You could avoid this with careful exception handling—you could catch any exceptions that emerge from the first await before going on to execute the second, for example. Alternatively, you could use Task.WhenAll to wait for all the tasks as a single operation—this will produce a faulted task with an AggregateException if anything fails, enabling you to see all errors. Of course, as you saw in the preceding section, multiple failures of this kind are awkward to deal with when you’re using await. But if you want to launch multiple asynchronous operations and have them all in flight simultaneously, you’re going to need more complex code to coordinate the results than you would do when performing work sequentially. Even so, the await and async keywords still make life much easier.
Summary
Asynchronous operations do not block the thread from which they are invoked. This can make them more efficient than synchronous APIs, which is particularly important on heavily loaded machines. It also makes them suitable for use on the client side, because they enable you to perform long-running work without causing the UI to become unresponsive. Without language support, asynchronous operations can be complex to use correctly, particularly when handling errors across multiple related operations. C#’s await keyword enables you to write asynchronous code in a style that looks just like normal synchronous code. It gets a little more complex if you want a single method to manage multiple concurrent operations, but even if you write an asynchronous method that does things strictly in order, you will get the benefits of making much more efficient use of threads in a server application—it will be able to support more simultaneous users, because each individual operation uses fewer resources—and on the client side, you’ll get the benefit of a more responsive UI.

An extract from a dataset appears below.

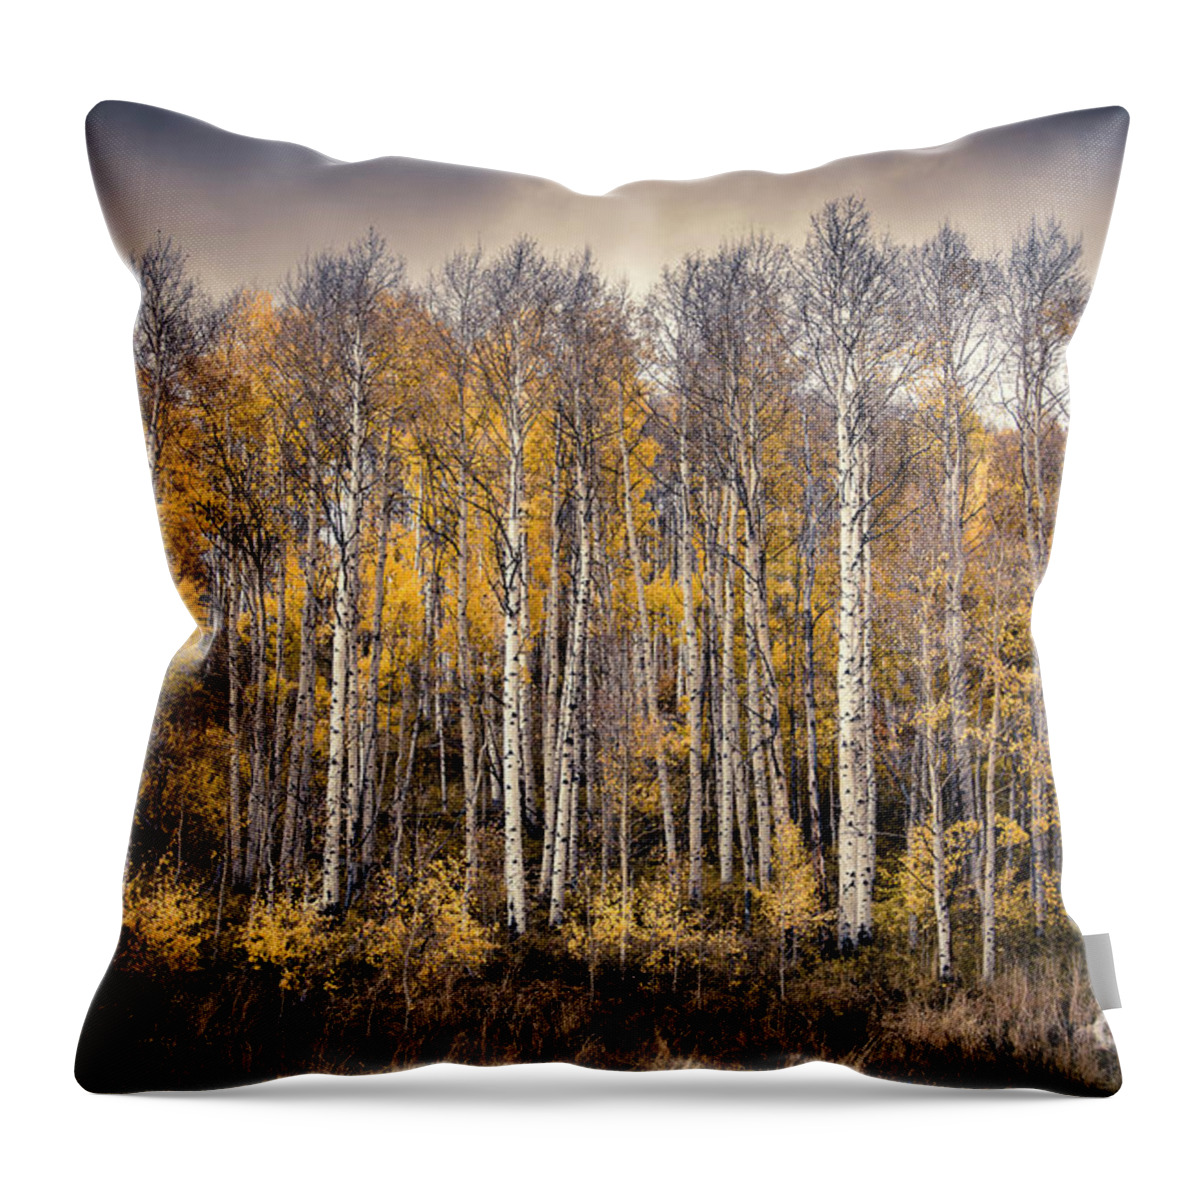 Aspen Trees Throw Pillow featuring the photograph Late Fall by The Forests Edge Photography - Diane Sandoval

Methods that use await must be marked with the async keyword and should usually return one of Task, Task
1 This example is a bit contrived so that I can illustrate how using works in async methods. Disposing an HttpClient obtained from an IHttpClientFactory is normally optional, and in cases where you new up an HttpClient directly, it’s better to hang on to it and reuse it, as discussed in “Optional Disposal”.
2 As it happens, Example 17-3 does this too, because the TPL captures the execution context for us.
3 Strictly speaking, I should inspect the HTTP response headers to discover the encoding, and configure the StreamReader with that. Instead, I’m letting it detect the encoding, which will work well enough for demonstration purposes.
4 These are available in .NET and .NET Standard 2.1. With .NET Framework, you will need to use the Microsoft.Bcl.AsyncInterfaces NuGet package.